The March jobs number was weak at 98,000, but mining added 4,000, construction 49,000 and manufacturing added 30,000. There is the good and the bad, but let’s be clear, anything under six figures is nothing to write home about. Is this President Donald Trump’s fault? I don’t think so, but if he is going to take a lot of the credit when the report is good at this early stage of the game, he is going to have to accept some of the blame when it’s not good. That’s how this game works.
I’m certain he got a nice boost under the initial excitement of his policies last month. But you’ll recall it took a couple of years for Reagan to turn the economy around. A lot of the good that Trump is creating is really on the come based on repeal of Obamacare, tax cuts and getting rid of the regulations that have been choking business. At this stage of the game, all he’s accomplished is getting rid of regulations. But we are still in the first inning.
But the takeaway from the jobs report is the market didn’t crater. If this was a true bear phase; the Dow could’ve been down 2-3% on such a crummy headline number.
The most interesting session of the week was on Wednesday. The market was on fire early only to give us a very quick reversal in the middle of the session. Private sector jobs came in at 263,000 beating the estimate of 170,000. Many were taken by surprise at the reversal. But here’s what happened for the S&P 500.
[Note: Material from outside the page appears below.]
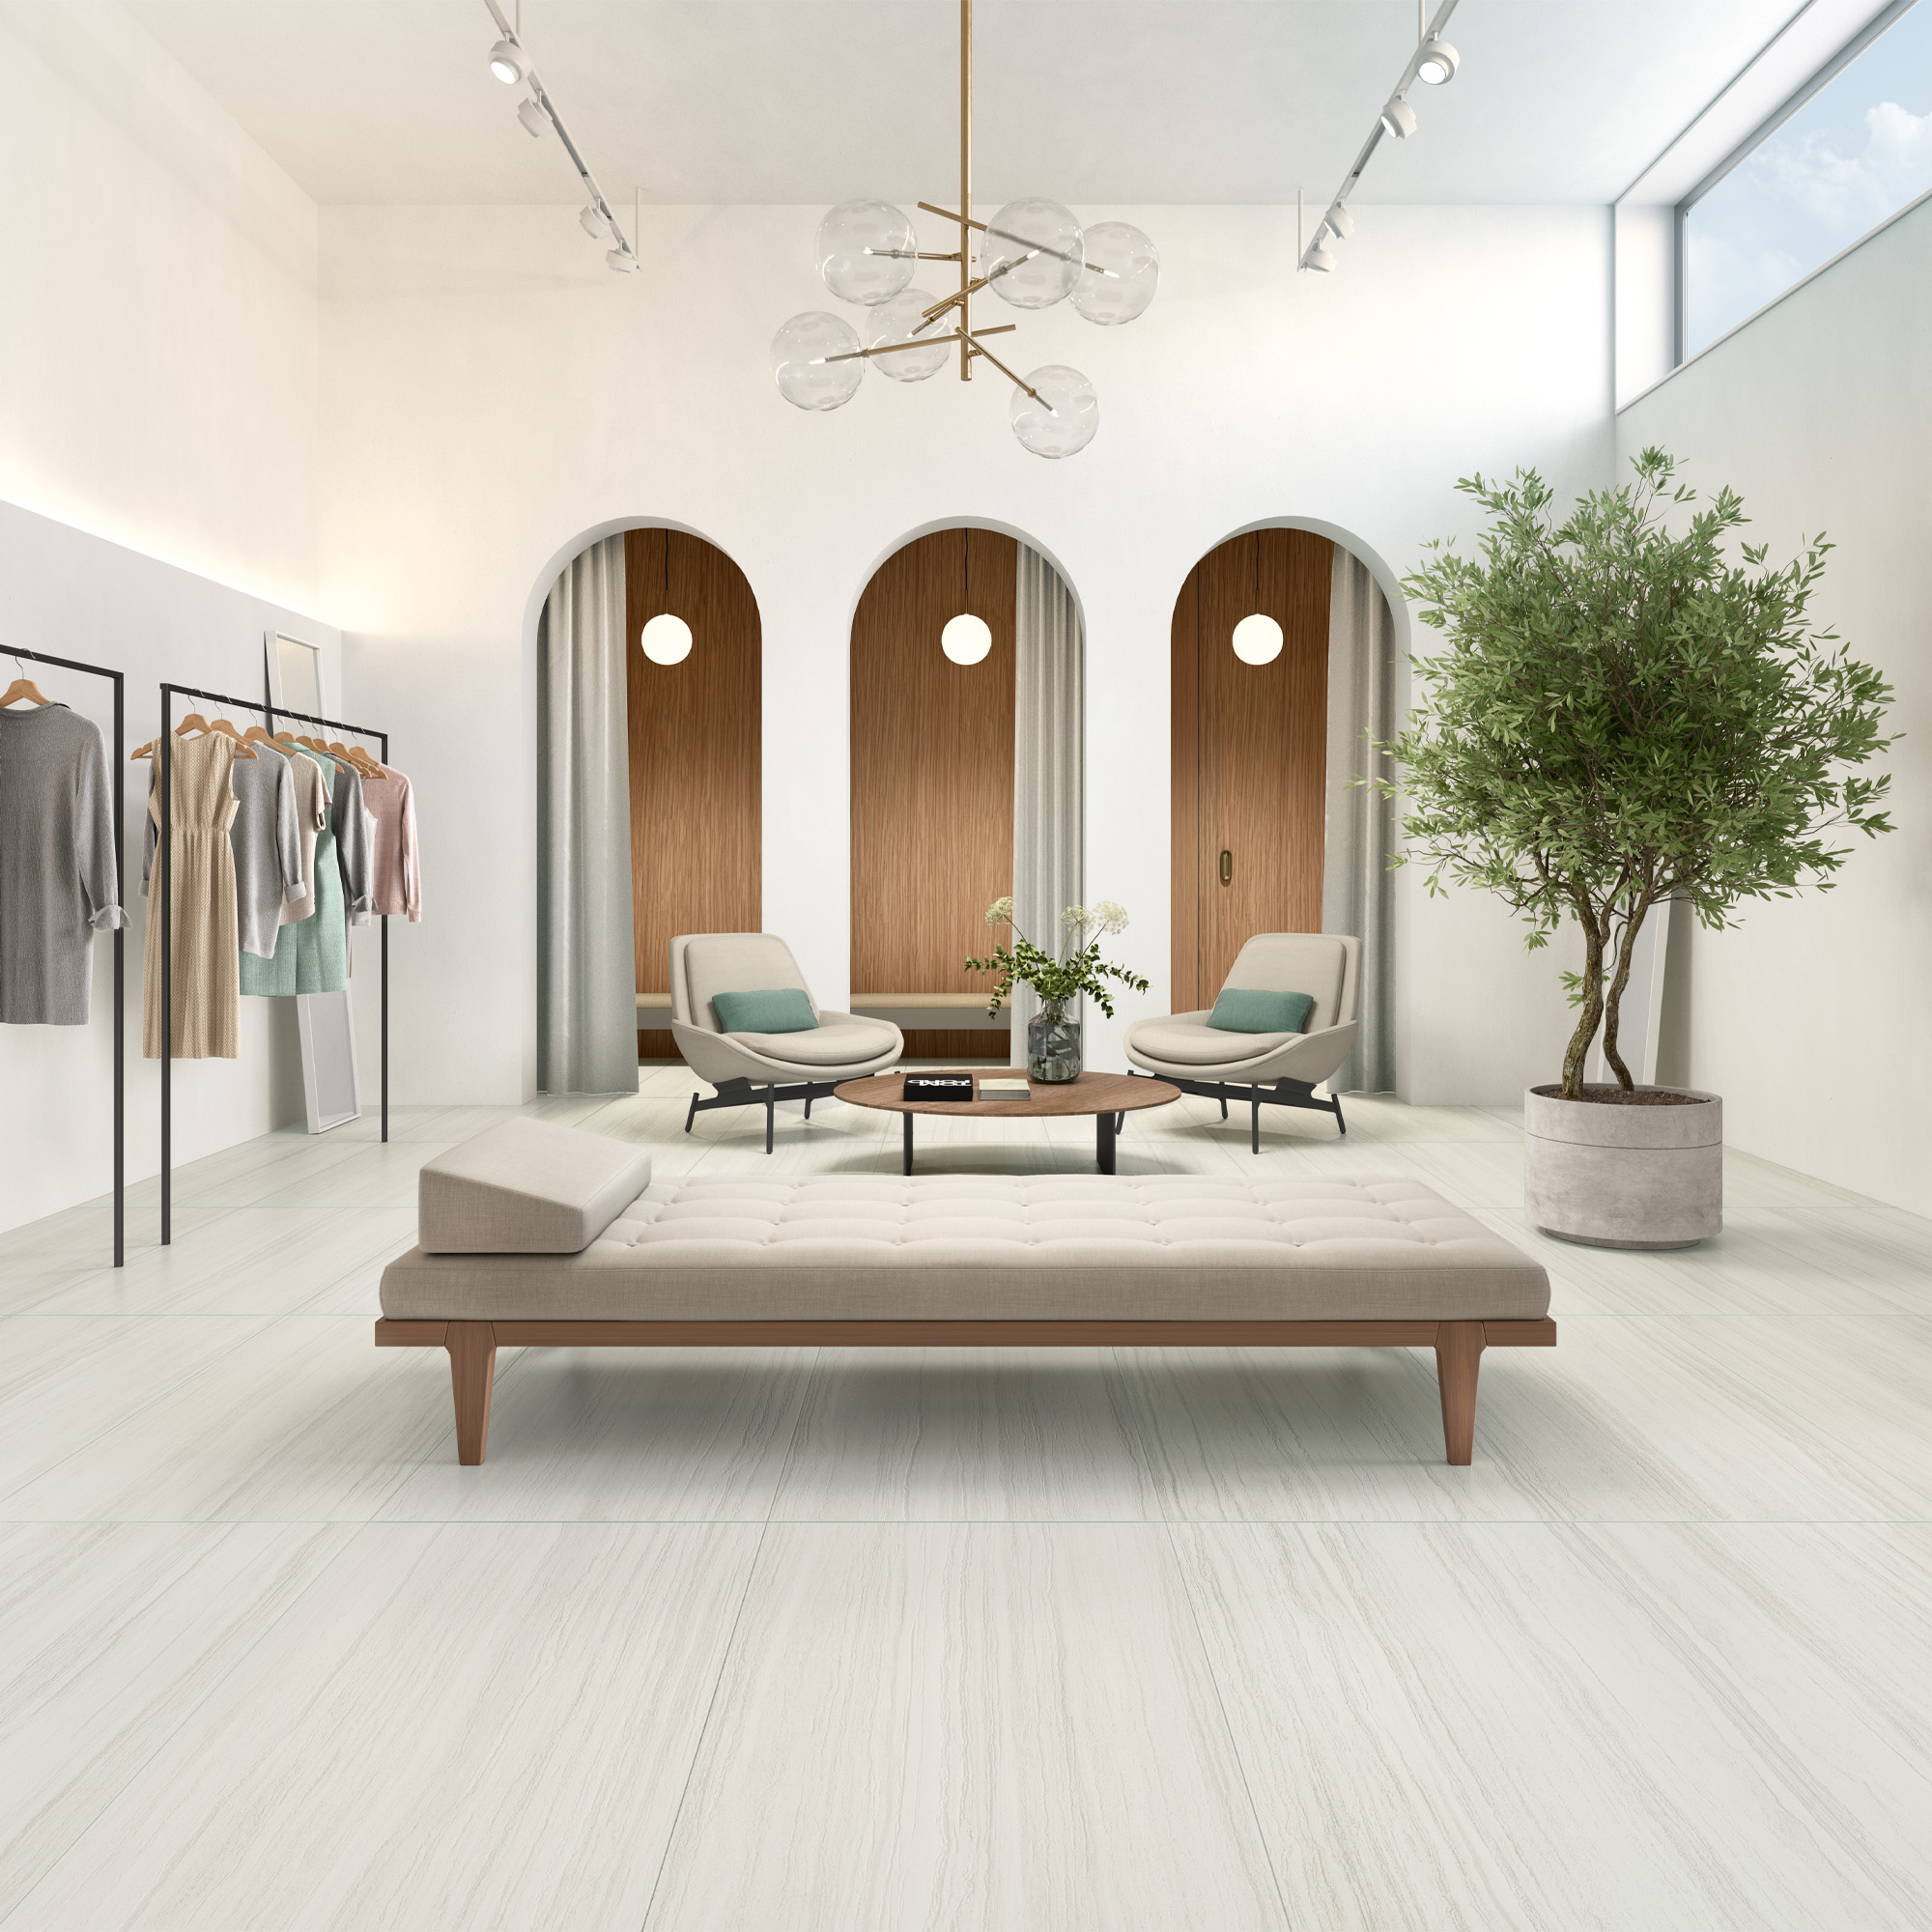 tile-silky-white-mood-decor-inspiration-sammys-designer-flooring

With a first leg of 21 points, the 261 extension target was 2377, it peaked one point higher at 2378! I was not taken by surprise. That’s only part of the story. We still have a nagging divergence where the Nasdaq hit for a new high on Wednesday. You can obviously see the SPX did not and the Dow is more than a month off its high. Right now the Dow is defending this trendline. This chart will help you navigate the action this week. But last word on the NDX is heavily weighted names like Apple, Facebook, Amazon and Microsoft have made the tech sector look better than it is. The BTK has been hit hard so the theme here is divergence. Transports is hanging on while Housing bounced back. Banks not so much. I can’t remember the last time housing and banking were on the same page.
You can see the market is all over the map and while it is showing resiliency, it’s also showing transition which is what divergence generally is. With that being said, our old friend Mercury retrograde is back until early May. We don’t do financial astrology but the one area traders ignore at their own peril is the Mercury retrograde. This is the period where the fast planet Mercury, whose orbit laps the Earth several times a year. When it gets into our sphere of influence it messes with all kinds of communication. All I’m going to tell you is expect choppy action and take your profits too soon. This period is characterized by patterns which will under or overshoot the target. You have to watch out if you pick tops or bottoms. If picking tops or bottoms is a strategy of yours, you might want to add an extra criteria before you try it. Don’t say I didn’t warn you. I wouldn’t kid you about this.
Since the health care debate several weeks ago we know the market suddenly has become a political pundit. The big news of the week was Trump’s reaction in Syria. Crude oil reacted and is suddenly closing in on the highs made in December. Gold also shot up on the attack but couldn’t sustain it and on Monday started breaking down.